━━━━━ Provided data

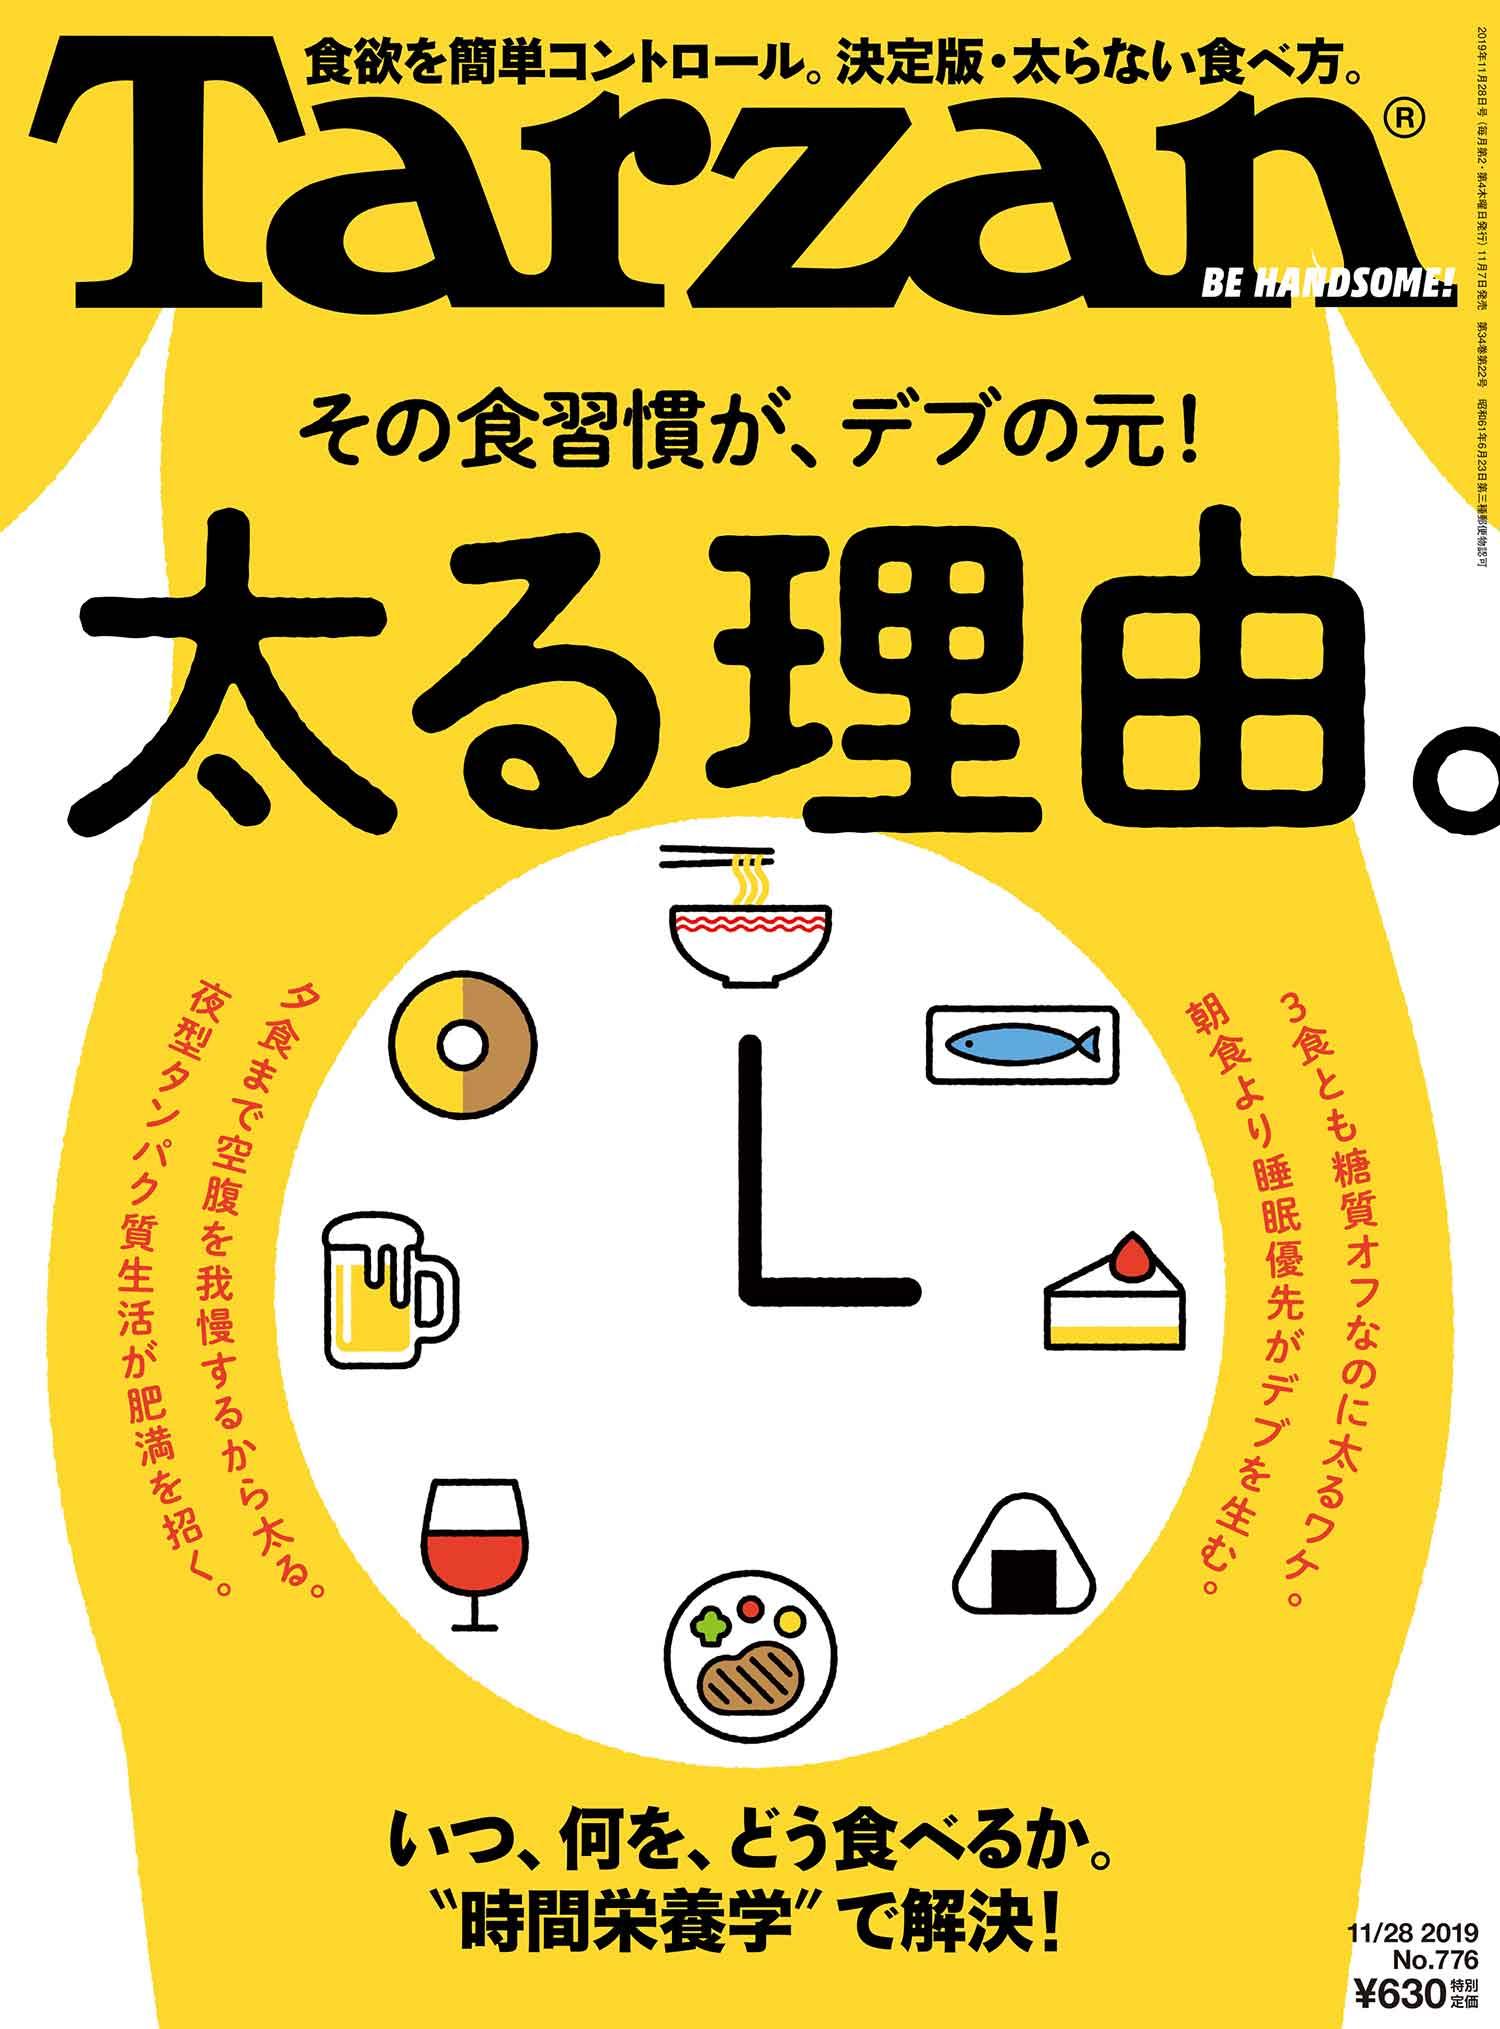 『ターザン』776号「太る理由」特集の表紙
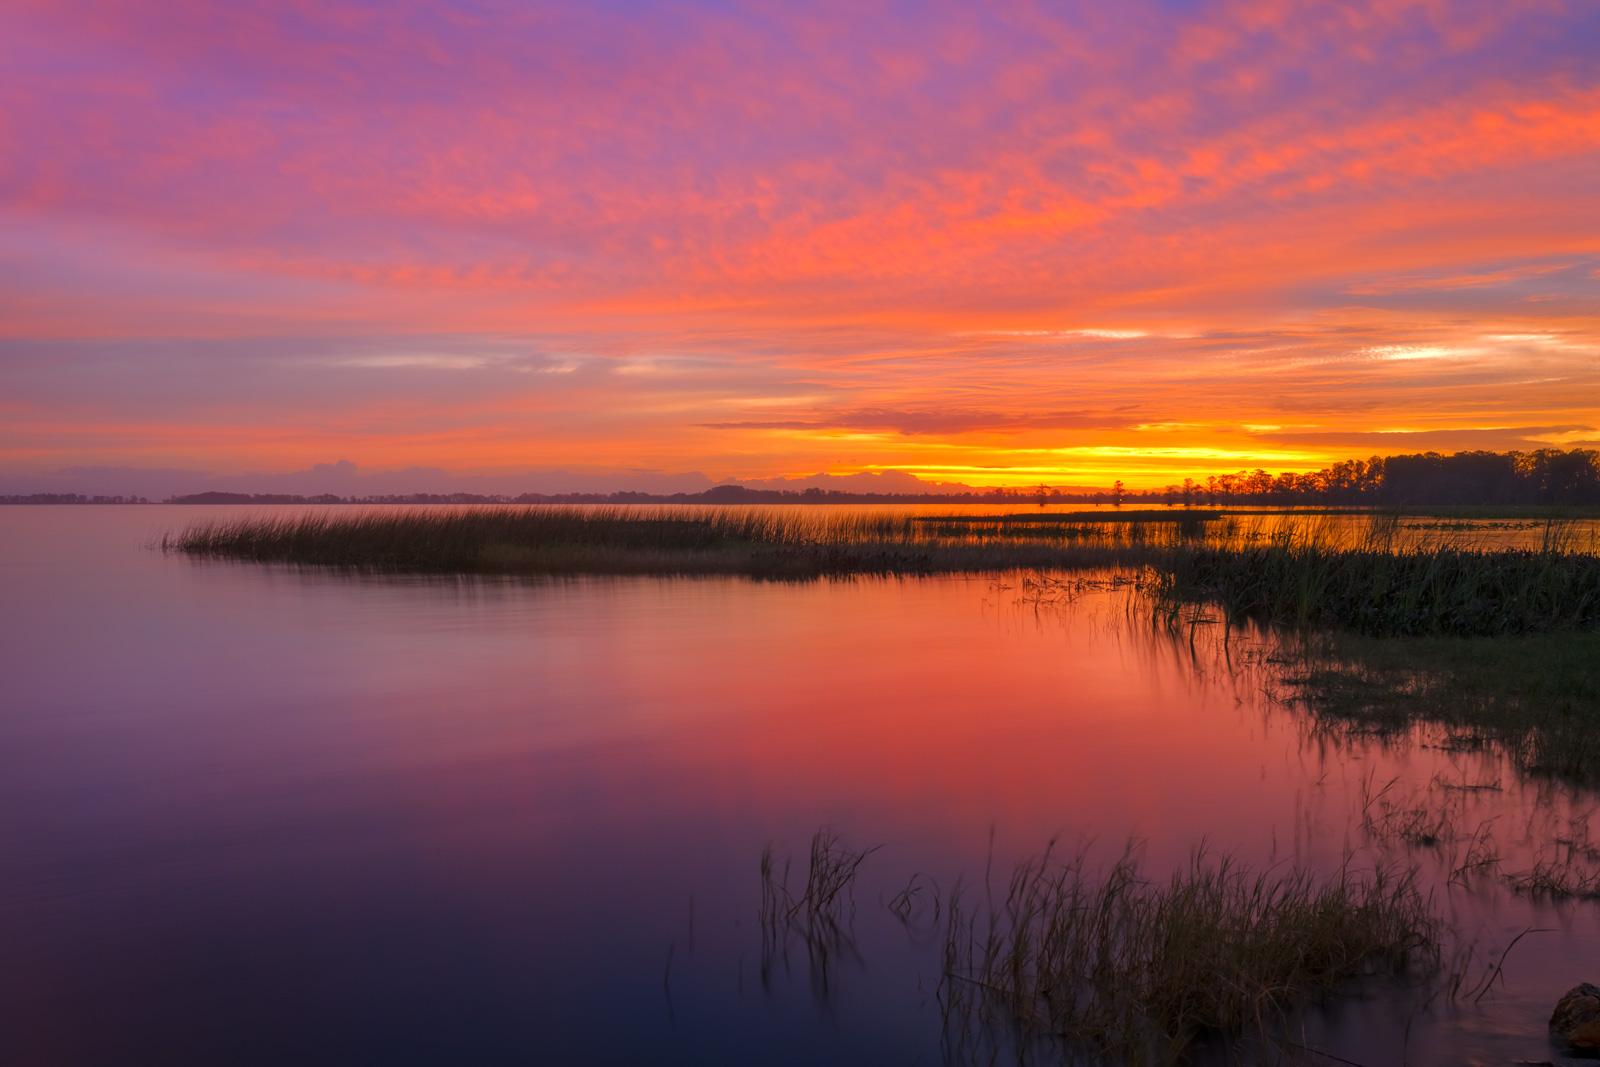 Florida, Lake, Istokpoga, Sunrise, Reflection, limited edition, photograph, fine art, landscape, photo
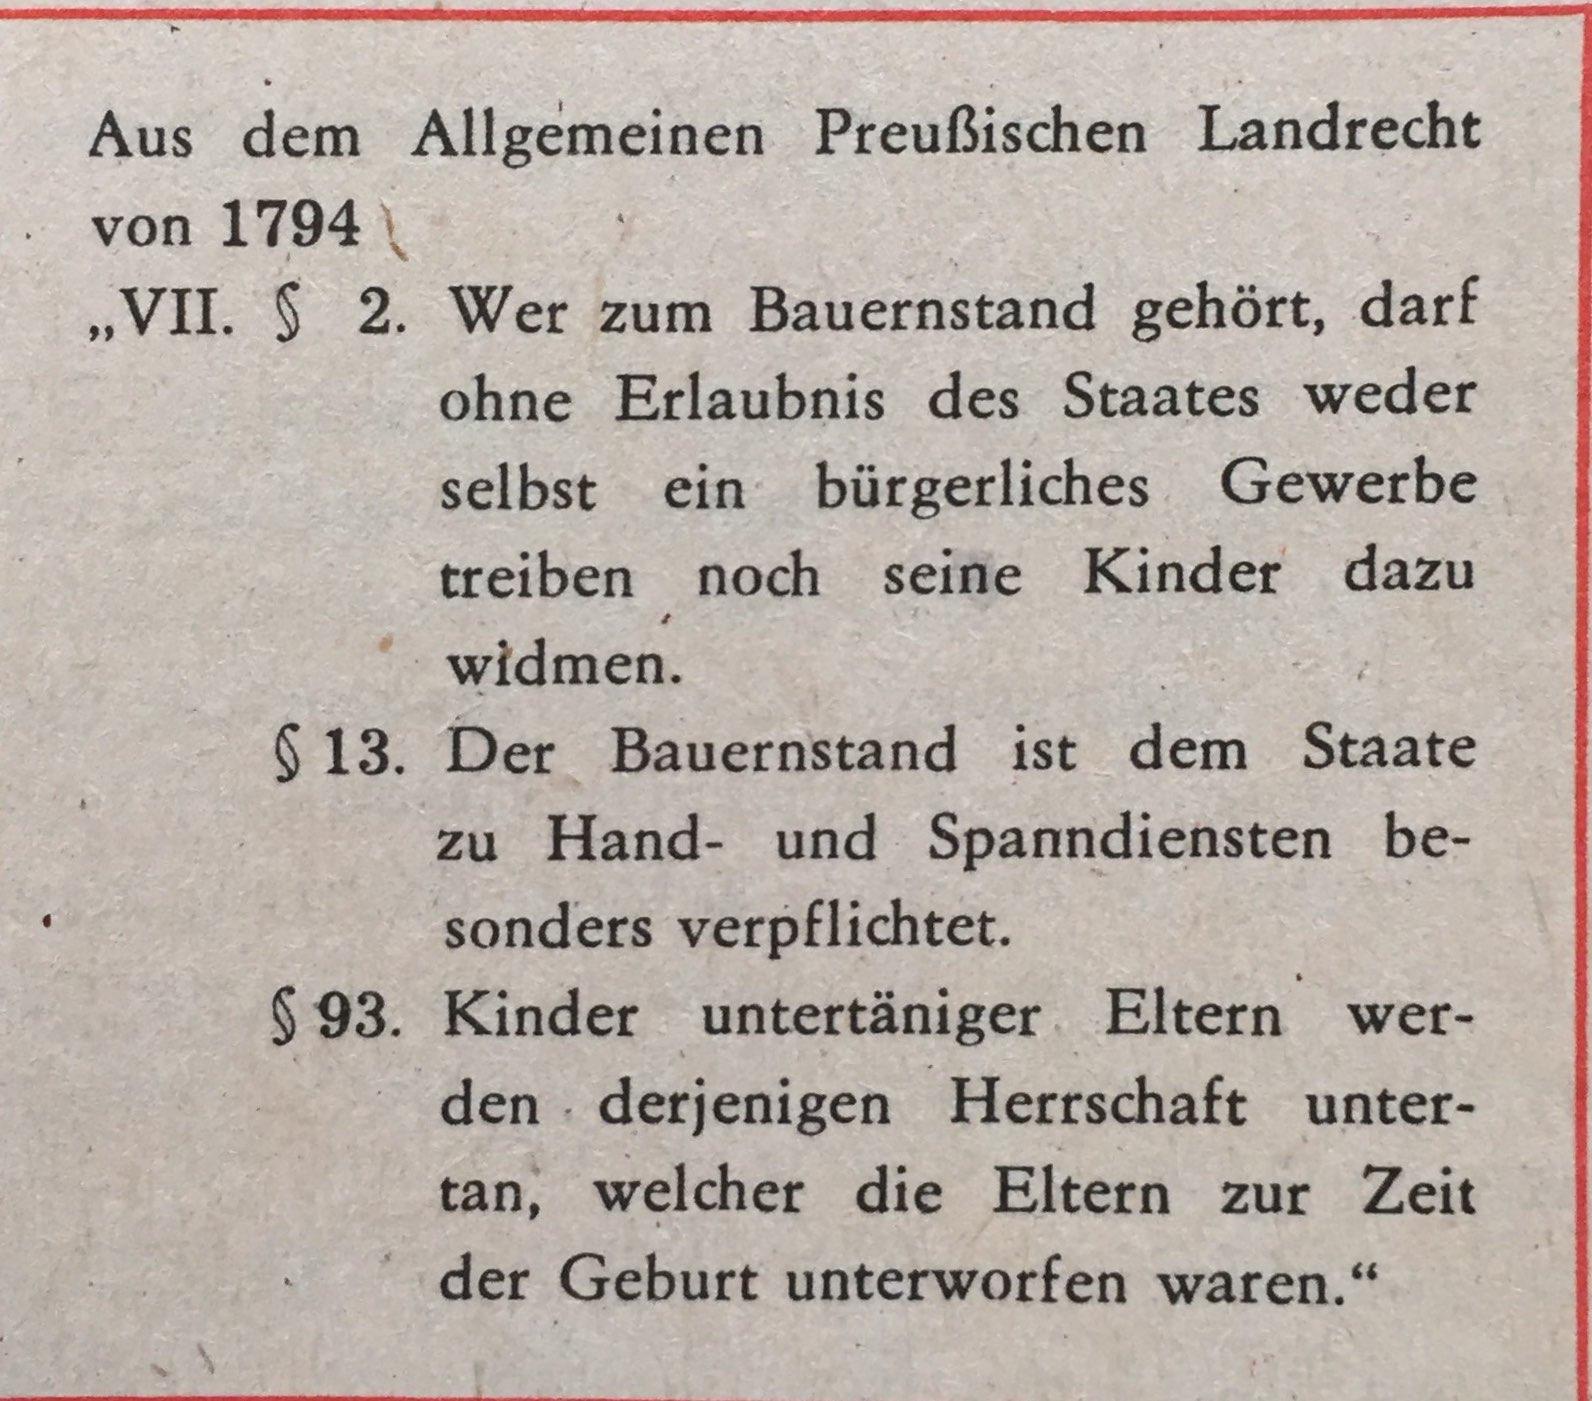 Punkte aus preußischen Landrecht von 1794

━━━━━━━━━━

_What to produce_:
A word-for-word copy of the data, without its pictures, is what is needed.

_Written reply_:
 『ターザン』776号「太る理由」特集の表紙
 Florida, Lake, Istokpoga, Sunrise, Reflection, limited edition, photograph, fine art, landscape, photo
 Punkte aus preußischen Landrecht von 1794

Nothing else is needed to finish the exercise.